__ASSIGNMENT__
Give back every line of the data exactly. Pictures are not part of the copy.

__DATASET EXTRACT__
:::
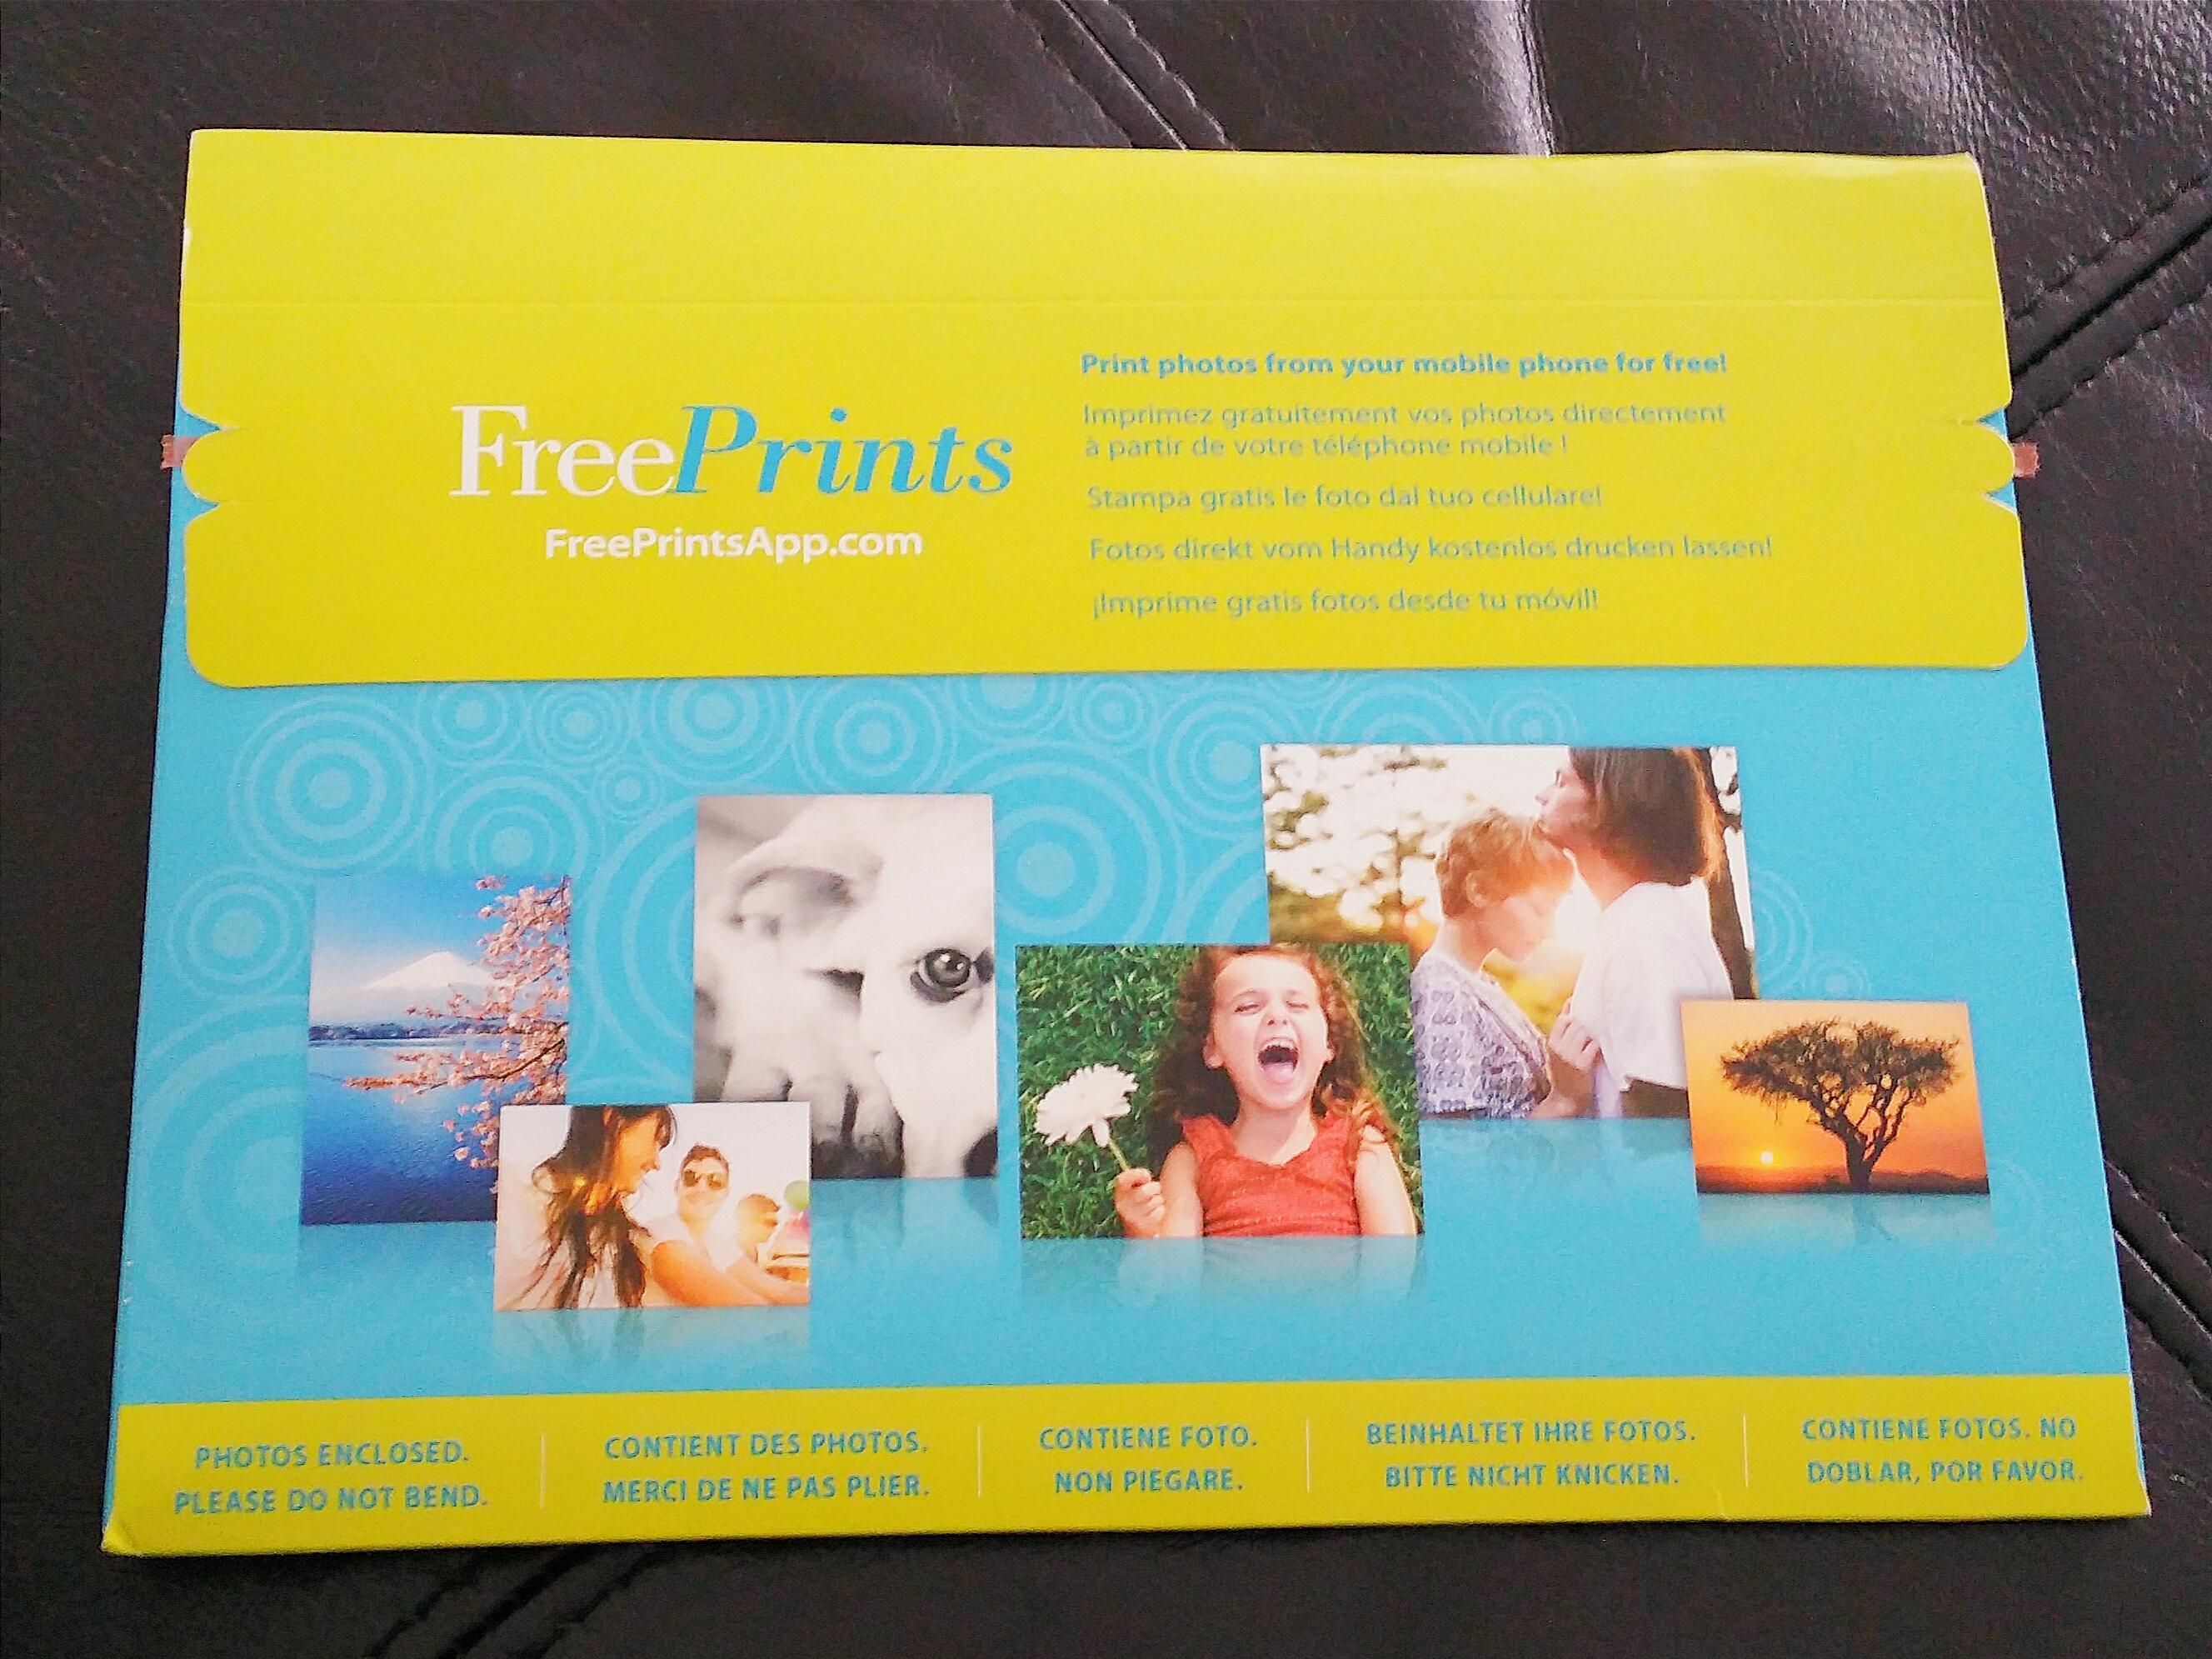 free prints photo printing
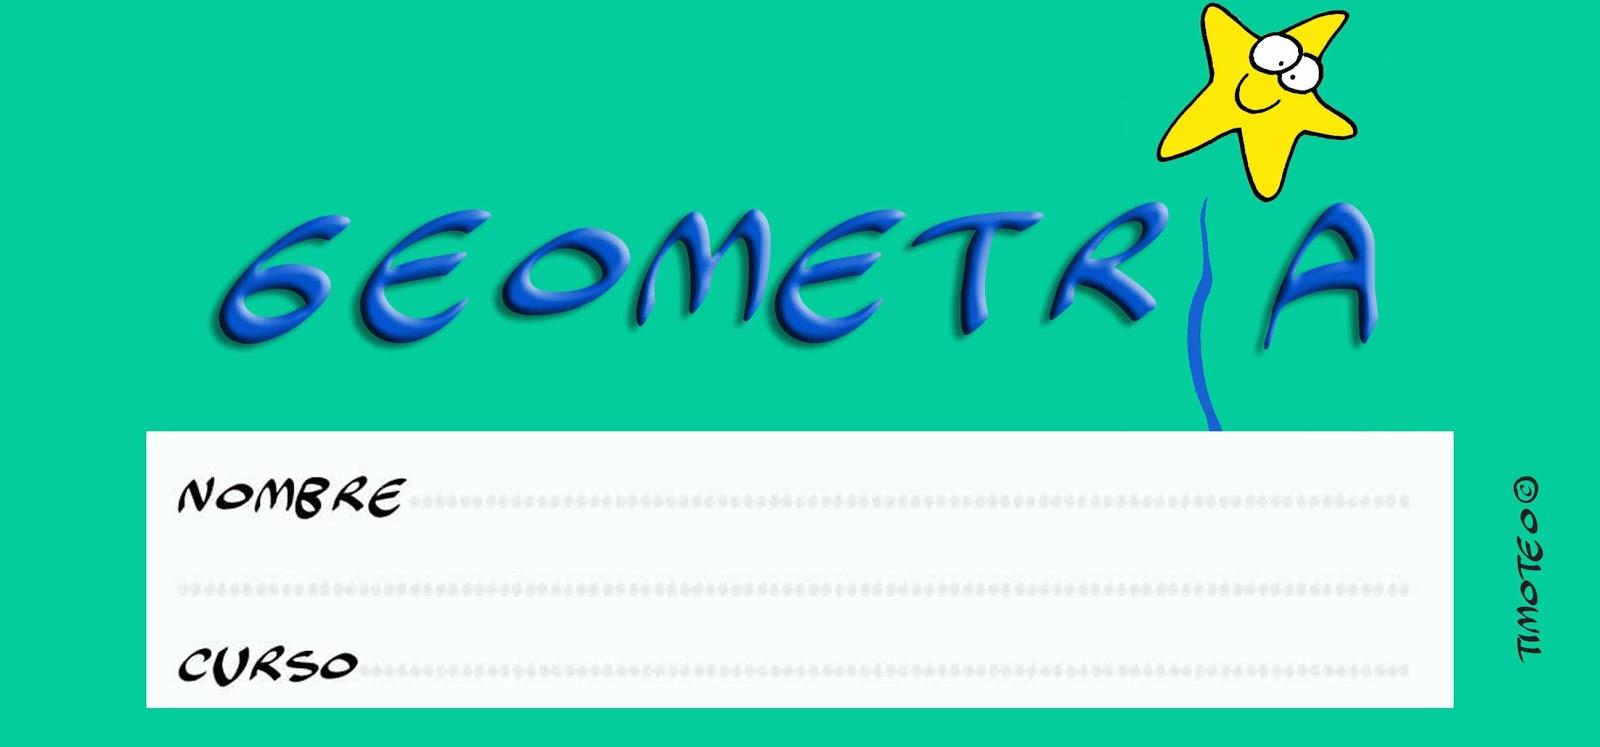 Decoracion De Letras Timoteo
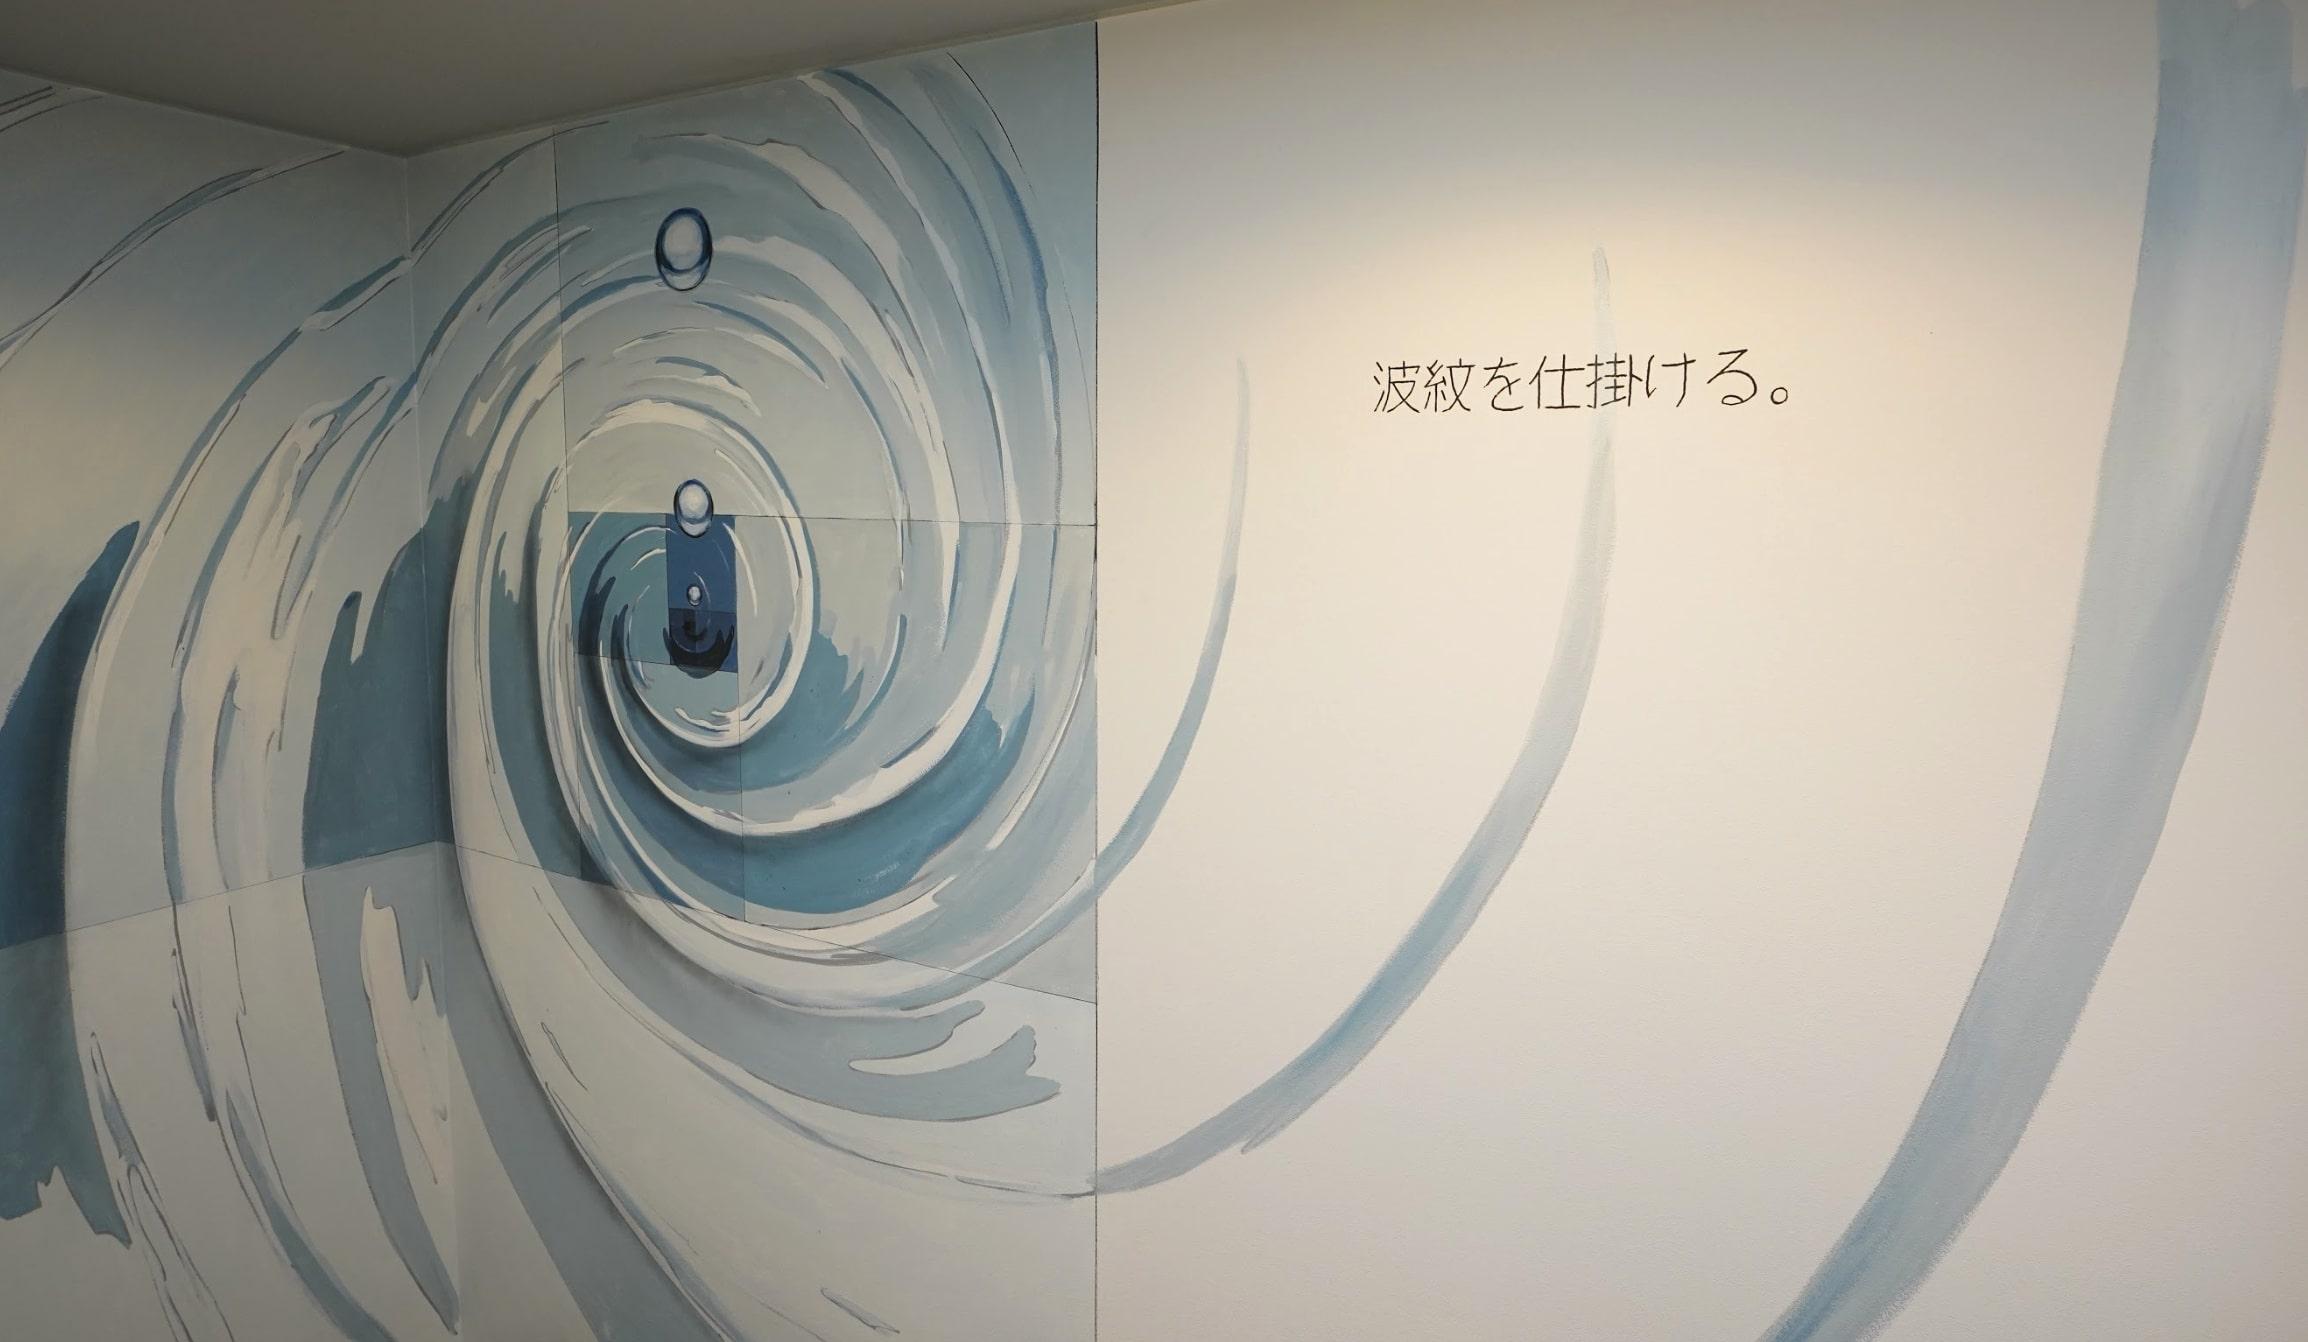 image from 第3会議室「波紋を仕掛ける。」
:::
__OUTPUT BELOW__
 free prints photo printing
 Decoracion De Letras Timoteo
 image from 第3会議室「波紋を仕掛ける。」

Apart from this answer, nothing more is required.